Friday, 25th November 2016

Although increasing numbers of people in East Africa are interested in wild birds - and some put out food to attract them...
The use of specific “bird tables” or “feeding stations” for this purpose is relatively uncommon.

When birds are fed on a regular basis, ingenuity is often needed as manufactured bird tables are not generally available, especially in Tanzania, where there is a far smaller European and Asian population than in neighbouring Kenya.

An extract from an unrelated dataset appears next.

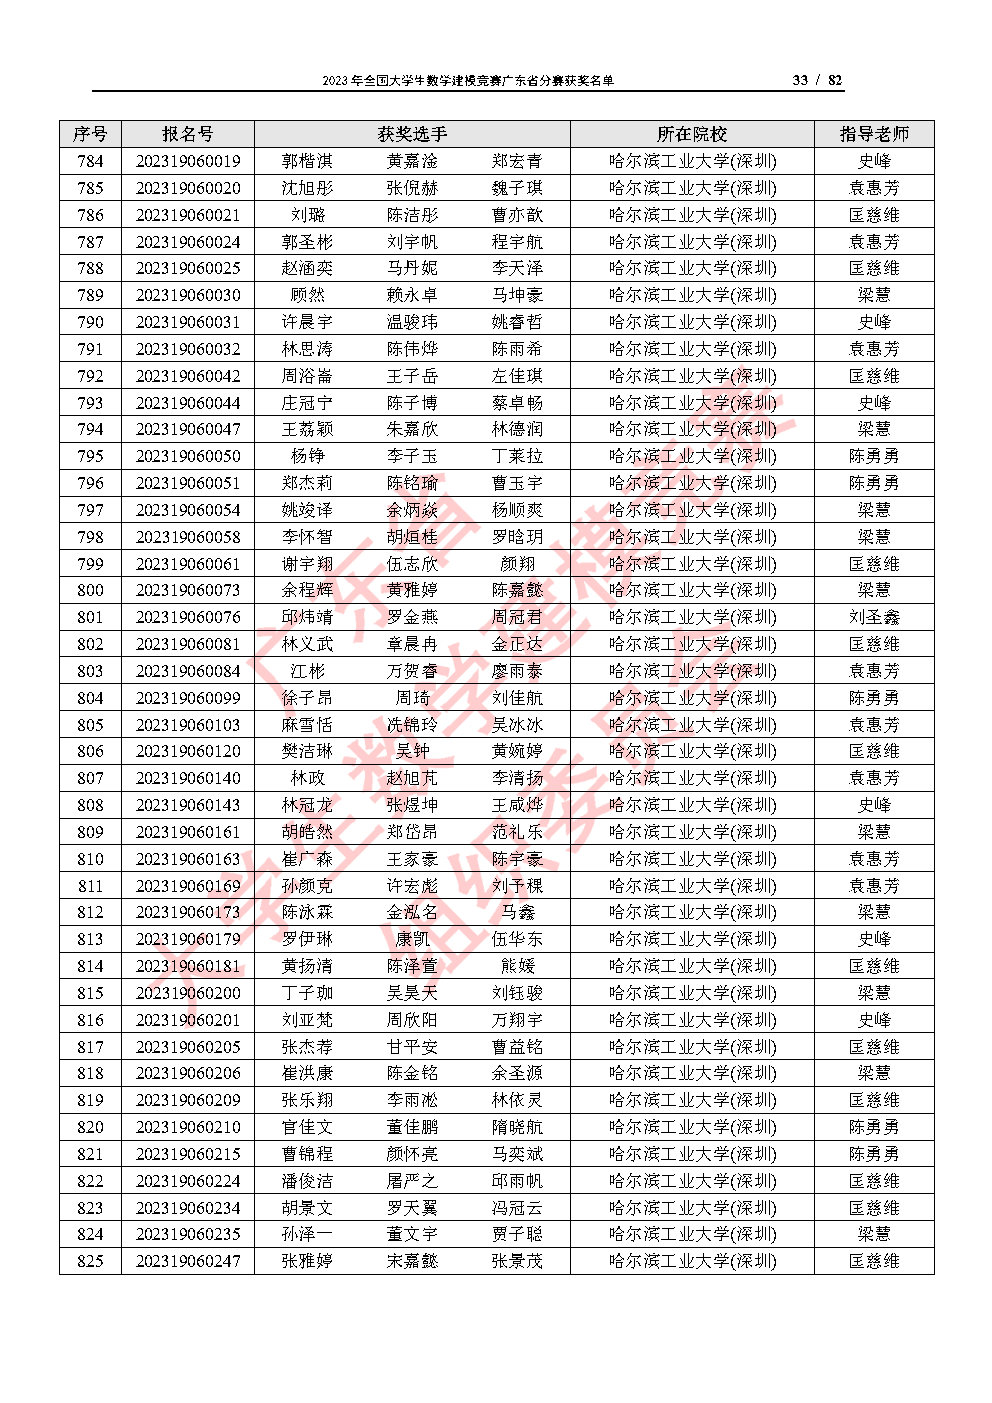 2023年全国大学生数学建模竞赛广东省分赛获奖名单_Page33.jpg

As in Britain, attracting and feeding birds in Tanzania brings with it problems, especially pests (ranging from rodents and mongooses to snakes) and the constant challenge of keeping the area clean and hygienic – although the hot tropical sun helps to destroy some bacteria and viruses. A novel approach to bird feeding was observed in Tanzania by Haith’s Veterinary Advisor Professor John E Cooper FRCVS and his daughter Vanessa on their visit to the country in early October. They stayed in Usa River near Arusha at the home of Mrs Jules Knocker who, with her husband, runs The Map’s Edge Ltd, a well-known specialist Tour Operating Company with the delightful strapline of Dream ¬ Escape ¬ Explore (see: www.maps-edge.com). The Knockers’ house overlooks the majestic Mount Meru and their garden is frequently visited by warthogs, antelope and elephants that come in from neighbouring Arusha National Park.
 
Displaying Food

The Knockers use a locally made structure (see Figure 1) and this, very conveniently, serves two purposes - to feed birds by day and to provide extra rations for bushbabies at night.
 
The knockers

The system works well and the food provided suits all-comers as it consists largely of local fruit, supplemented by live mealworms which are bred on the premises, again in a container made from local materials and with a trap to help exclude invertebrate pests and predators (see Figure 2).